(PROVIDED MATERIAL)

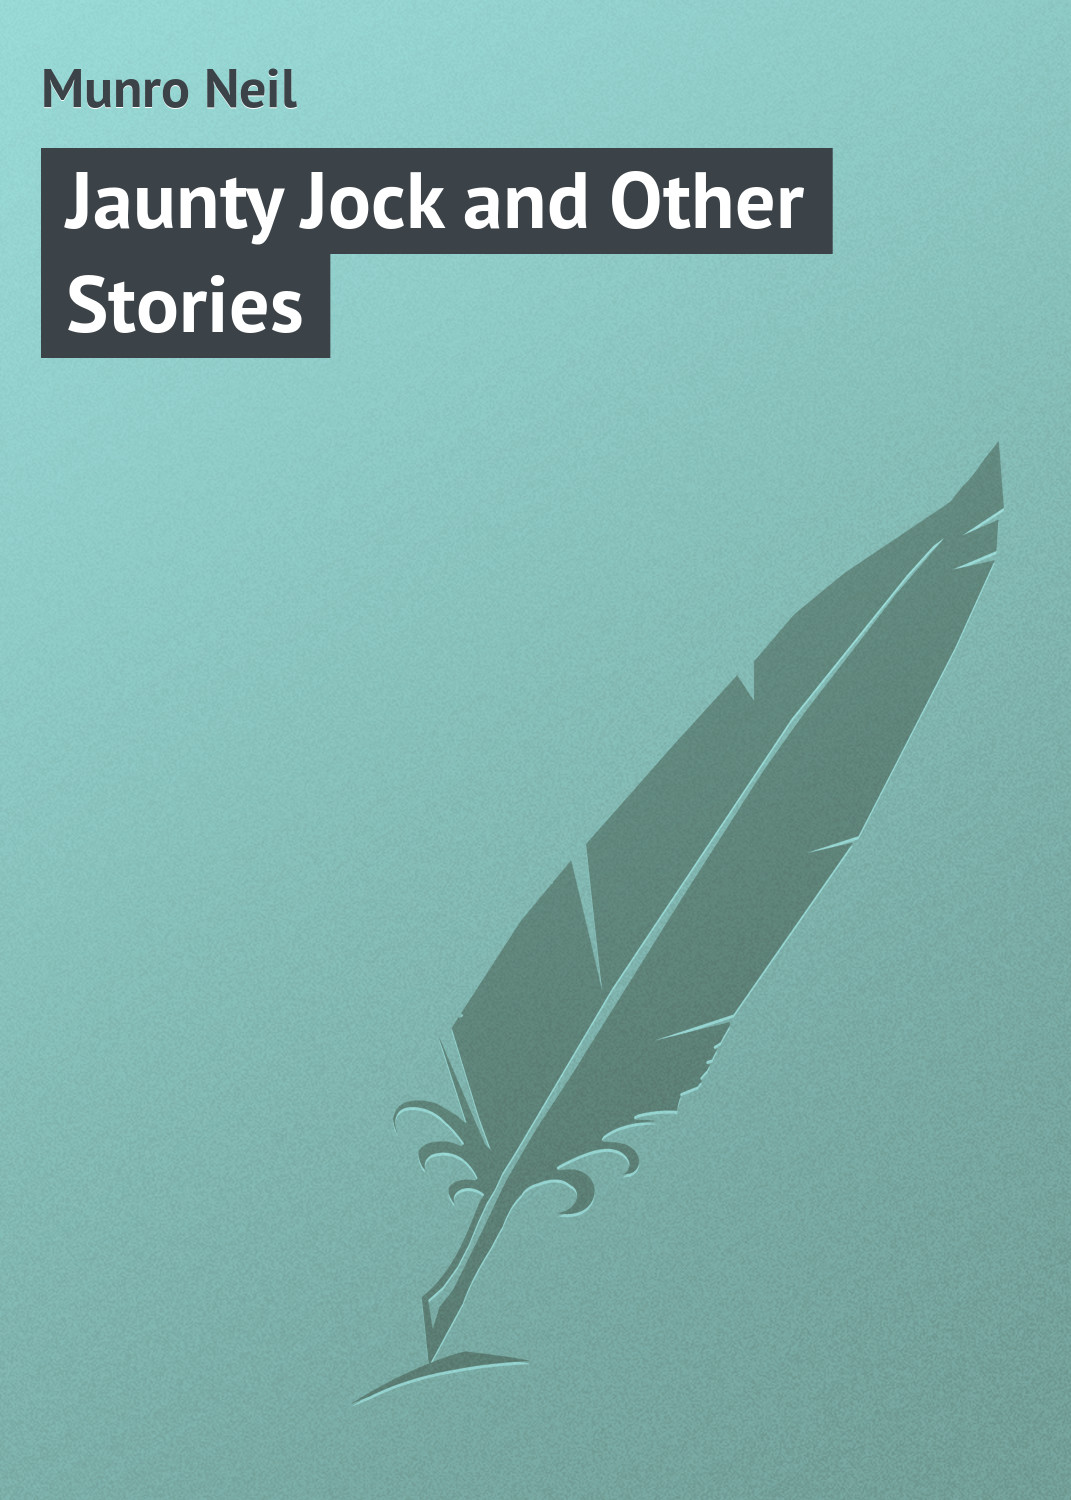 Книга Jaunty Jock and Other Stories из серии , созданная Neil Munro, может относится к жанру Иностранные языки, Зарубежная классика. Стоимость электронной книги Jaunty Jock and Other Stories с идентификатором 23159603 составляет 5.99 руб.
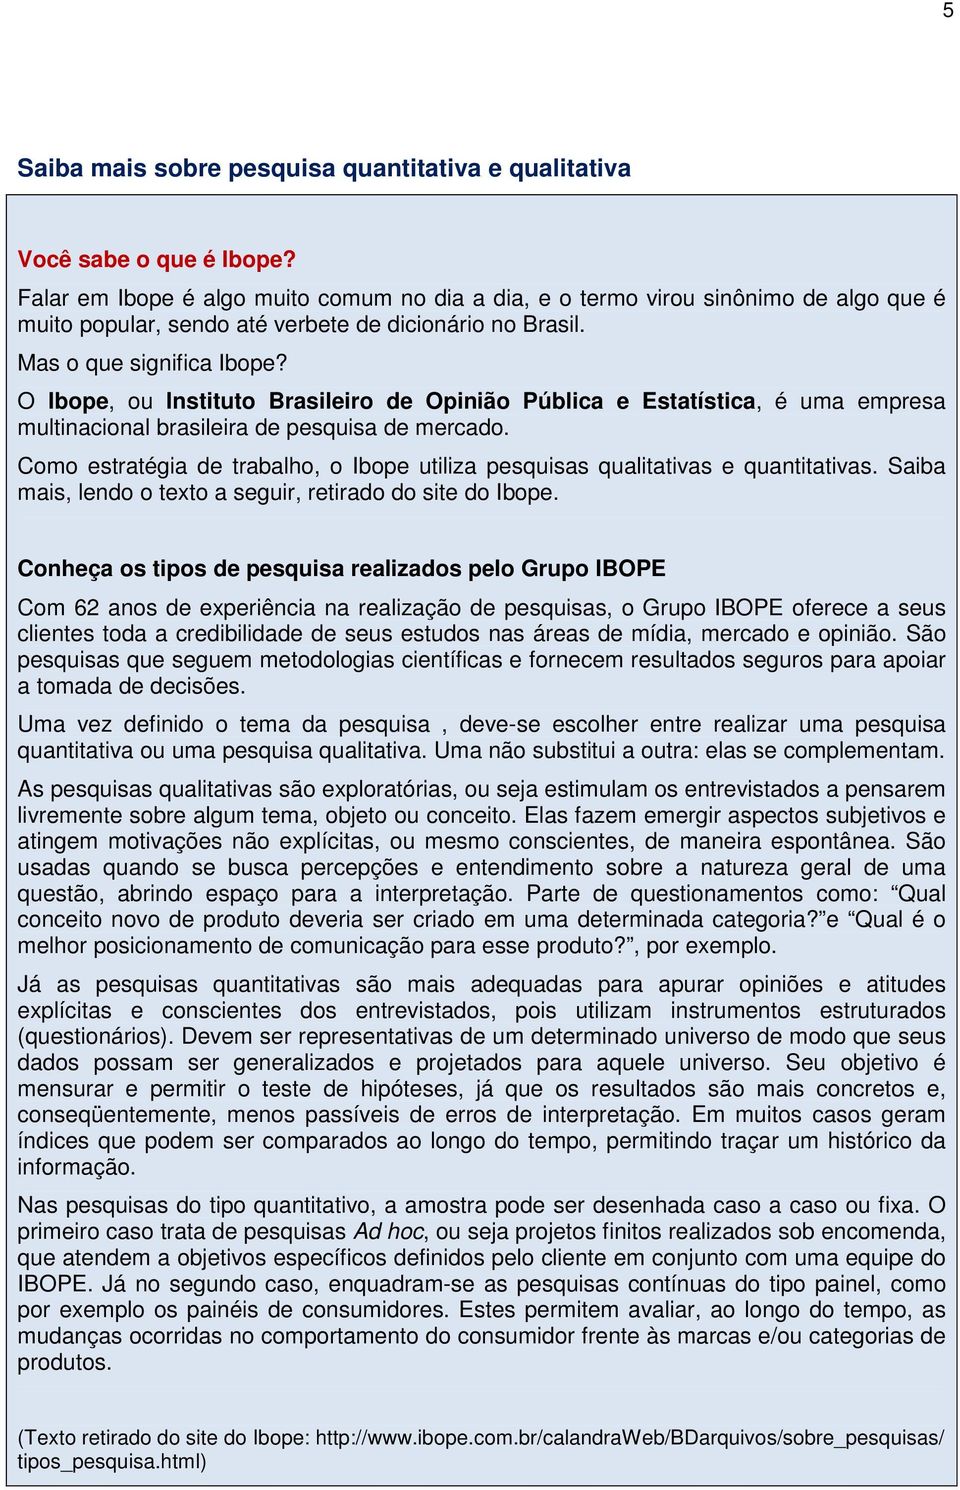 O Ibope, ou Instituto Brasileiro de Opinião Pública e Estatística, é uma empresa multinacional brasileira de pesquisa de mercado.
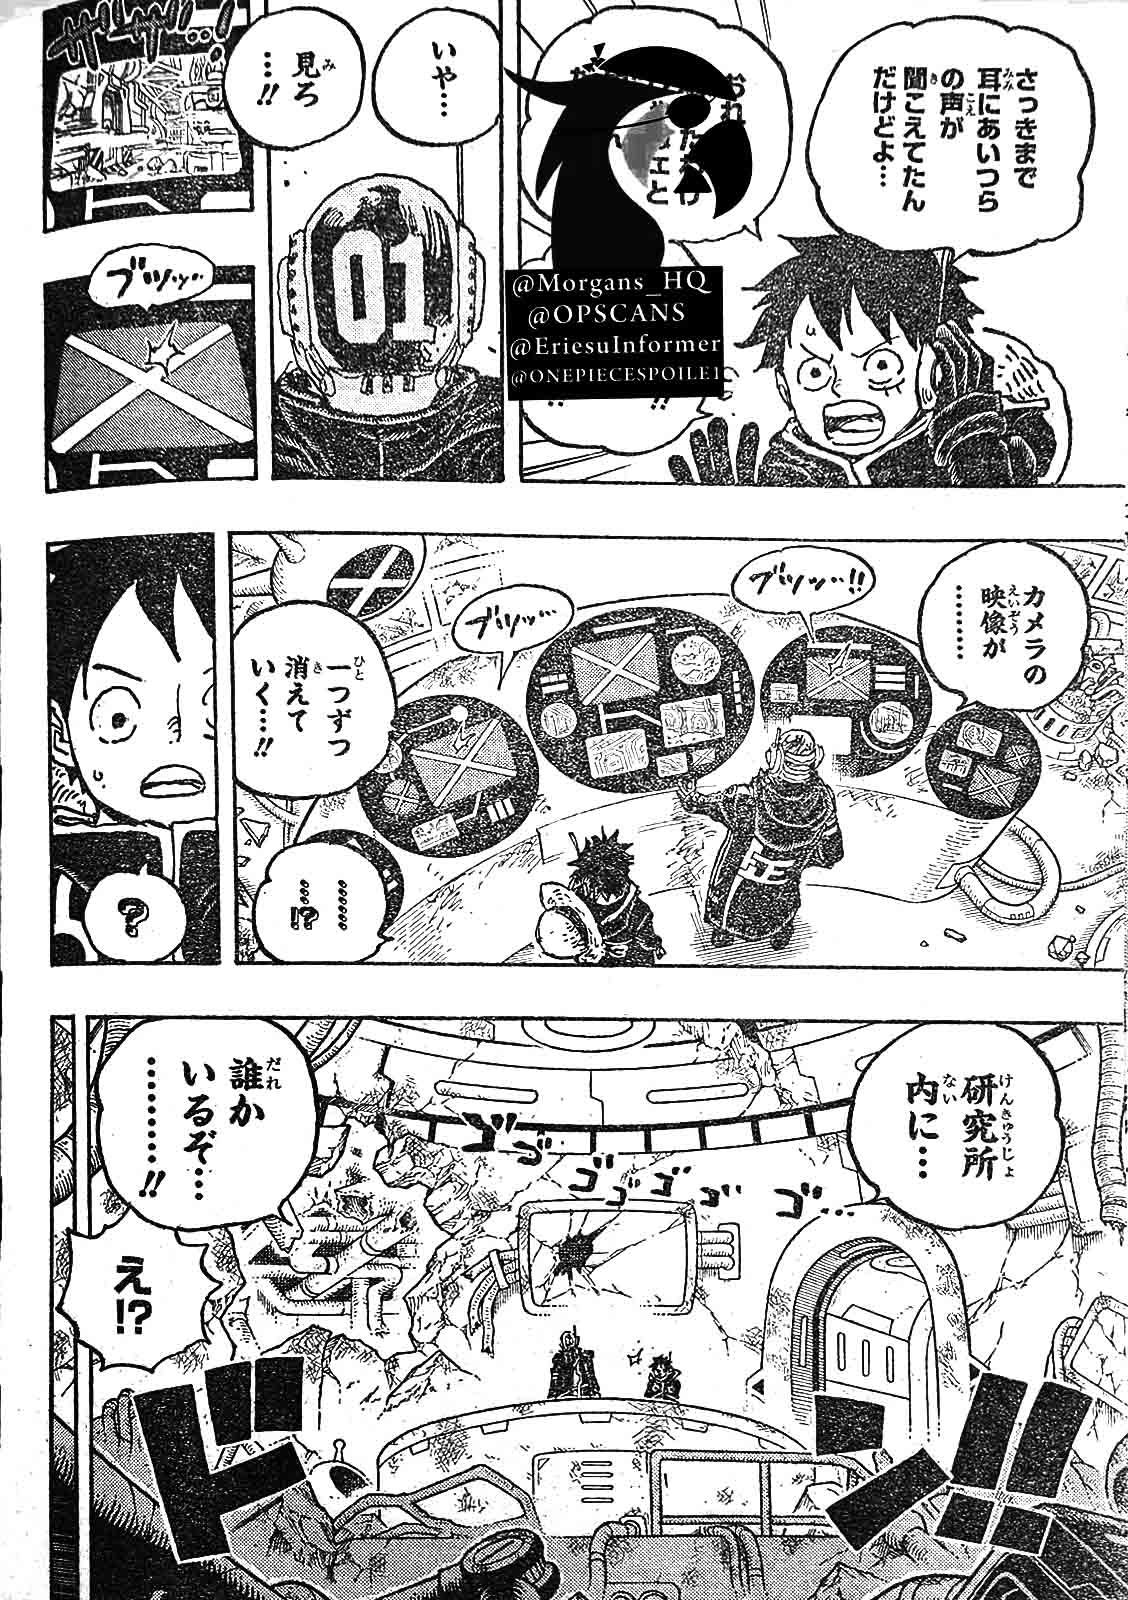 Baca manga komik One Piece Berwarna Bahasa Indonesia HD Chapter 1075r

(DIRECTIONS FOR THIS TASK) None of the pictures should be kept; reproduce all the remaining material exactly.

(RESPONSE TO THE EXERCISE)
 Книга Jaunty Jock and Other Stories из серии , созданная Neil Munro, может относится к жанру Иностранные языки, Зарубежная классика. Стоимость электронной книги Jaunty Jock and Other Stories с идентификатором 23159603 составляет 5.99 руб.
 O Ibope, ou Instituto Brasileiro de Opinião Pública e Estatística, é uma empresa multinacional brasileira de pesquisa de mercado.
 Baca manga komik One Piece Berwarna Bahasa Indonesia HD Chapter 1075r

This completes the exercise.